Now we would also like to extract from each row, the organization that is proposing the mission a nice title and a description. Let's see if we can find that in the JobDescription and JobTitle fields:



In [24]:

    
jobs[['JobDescription', 'JobTitle']].drop_duplicates().head().transpose()









    Out[24]:






  
    
      
      0
      11
      22
      33
      44
    
  
  
    
      JobDescription
      Mission proposée par JobIRL <br /><b>Informati...
      Mission proposée par JobIRL <br /><b>Informati...
      Mission proposée par JobIRL <br /><b>Informati...
      Mission proposée par JobIRL <br /><b>Informati...
      Mission proposée par JobIRL <br /><b>Informati...
    
    
      JobTitle
      Bénévolat : Journalistes sportifs -  Partagez ...
      Bénévolat : Journalistes reporters d'images - ...
      Bénévolat : Astronaute -  Partagez votre expér...
      Bénévolat : Techniciens qualité alimentaire - ...
      Bénévolat : Ingénieur du son -  Partagez votre...
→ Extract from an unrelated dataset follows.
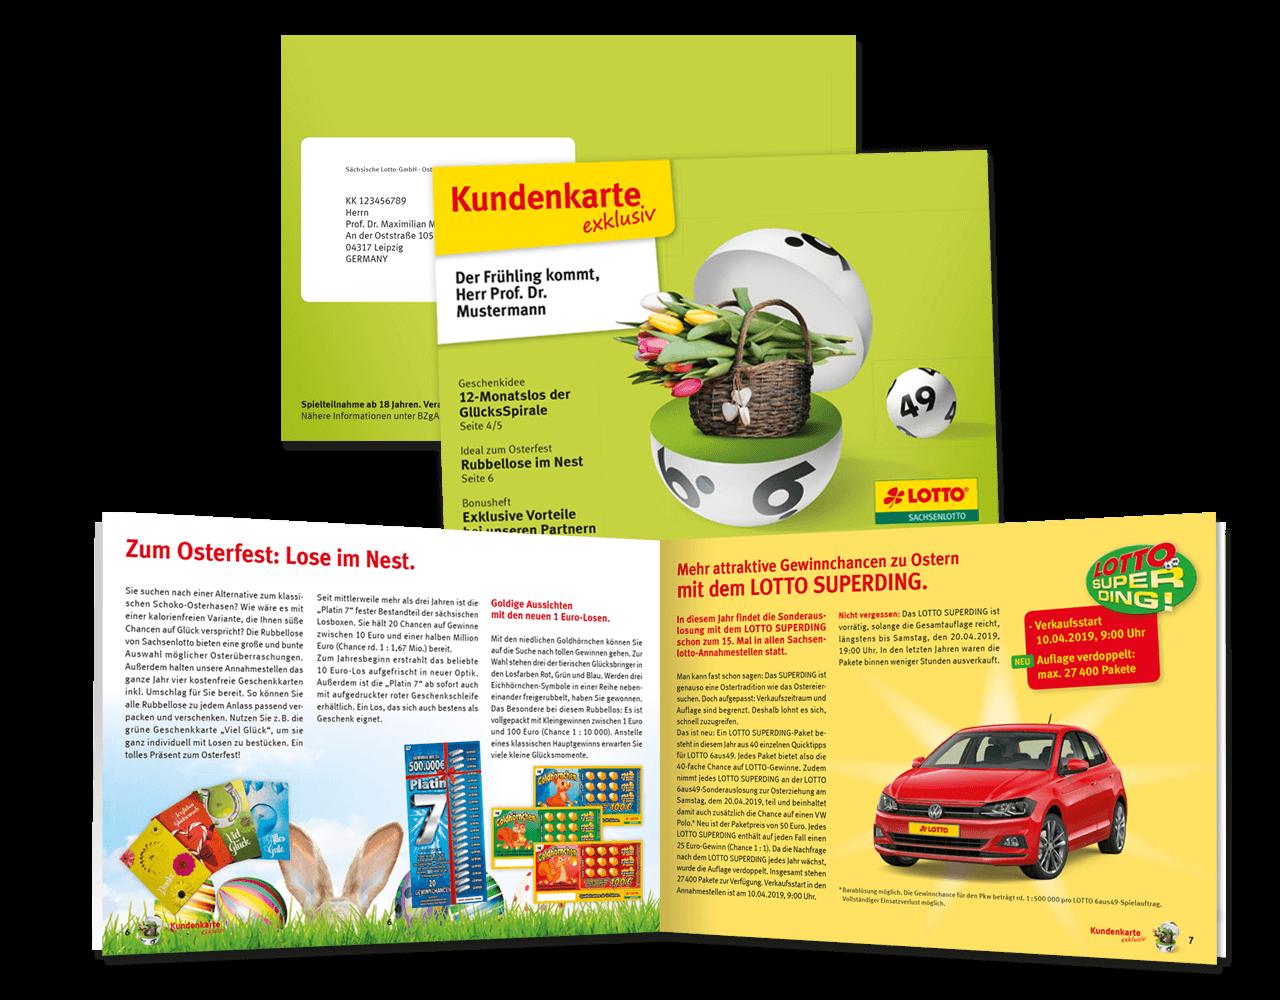 Saechsische Lotto Gmbh Kundenzeitschrift

It seems that JobDescription always starts with "Mission proposée par" and that JobTitle always start with "Bénévolat : ". Let's make sure it's the case:



In [25]:

    
jobs.JobDescription.str.startswith('Mission proposée par ').value_counts()









    Out[25]:





True    2023
Name: JobDescription, dtype: int64



In [26]:

    
jobs.JobTitle.str.startswith('Bénévolat : ').value_counts()









    Out[26]:





True    2023
Name: JobTitle, dtype: int64

Bingo, let's extract those constant strings and clean up the description and title:



In [27]:

    
jobs['title'] = jobs.JobTitle.str.replace('^Bénévolat : ', '')
jobs['proposed_by'] = jobs.JobDescription.str.extract('^Mission proposée par ([^<]+)<br />', expand=False)
jobs['description'] = jobs.JobDescription.str.replace('^Mission proposée par ([^<]+)<br />', '')
jobs[['title', 'proposed_by', 'description']].drop_duplicates().head()









    Out[27]:






  
    
      
      title
      proposed_by
      description
    
  
  
    
      0
      Journalistes sportifs -  Partagez votre expéri...
      JobIRL
      <b>Informations complémentaires</b>Vous êtes j...
    
    
      11
      Journalistes reporters d'images -  Partagez vo...
      JobIRL
      <b>Informations complémentaires</b>Vous êtes j...
    
    
      22
      Astronaute -  Partagez votre expérience profes...
      JobIRL
      <b>Informations complémentaires</b>Vous êtes a...
    
    
      33
      Techniciens qualité alimentaire -  Partagez vo...
      JobIRL
      <b>Informations complémentaires</b>Vous êtes t...
    
    
      44
      Ingénieur du son -  Partagez votre expérience ...
      JobIRL
      <b>Informations complémentaires</b>\n \nVous ê...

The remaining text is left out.